Not in the article, but some of my own experiences having been in the STEM
field

\- Many internationals seeking to get hired in the US STEM force don't
actually have the "everyday technology" that the US uses, such as in molecular
biology labs; this means quite a lot goes into training H1-B visa holders.
Couple that with poor English-speaking skills. I found myself having to
explain to an H1-B visa holder what a "pen" was, or a "shelf." Granted, some
H1-B visa holders underwent formal education in the US, obtaining PhDs and
whatnot, so you'd imagine their English would be better, however...

\- Many countries look down on the US. I have worked for many foreign
employers in STEM, and have been insulted just for being an American, and
their views of America are largely stereotyped (Americans love guns, they eat
hamburgers and pizza and are fat, etc.)

\- It changes the workplace culture; I've worked in a variety of STEM
environments that had a lot of internationals, and more than once I was out-
grouped for being an American. I have had opportunities closed off to me
simply because my group's sense of belonging was rooted in being "non-
American." This was detrimental to my aspirations in entering the STEM field
as an American.

I don't believe there is a shortage in STEM, and that corporations are touting
an unproved "shortage" to cut costs to the detriment of Americans. The fact
that it's hard to even get a well-paying job in STEM, especially tenure
positions in STEM, and that once you do land a STEM position you can face
discrimination for being an American in AMERICA, H1B visas should be obsolete.

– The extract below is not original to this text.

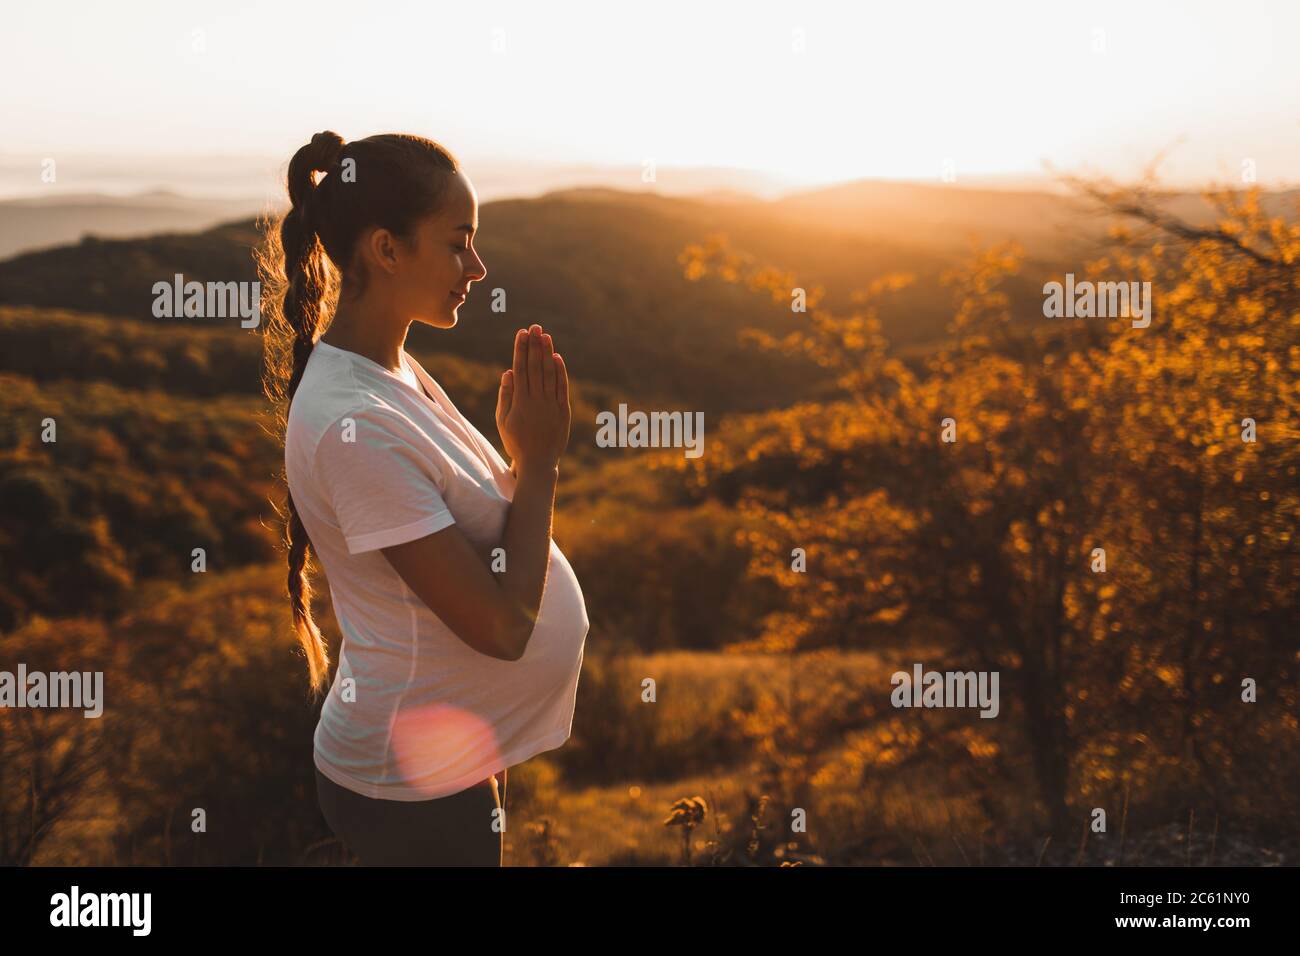 Spirituelles und emotionales Konzept der Harmonie mit der Natur in der Mutterschaft. Schwangere Frau, die Yoga im Freien auf dem Hügel bei Sonnenuntergang praktiziert. Toller Ausblick auf die Berge im Herbst. Stockfoto

Get rid of the internationals. Focus on your American workforce and create
incentives to enter STEM. Create a better system for learning math, and
inspiring aspirations in science Create environments that will nurture
American students instead of block their opportunities. Give Americans a
chance to contribute to their economy instead of shoveling money down the
pockets of people who don't even like America or Americans and would go back
home if they could.

This one stance supported by Trump is compelling me to vote for him in the
next election, unless Biden can do better...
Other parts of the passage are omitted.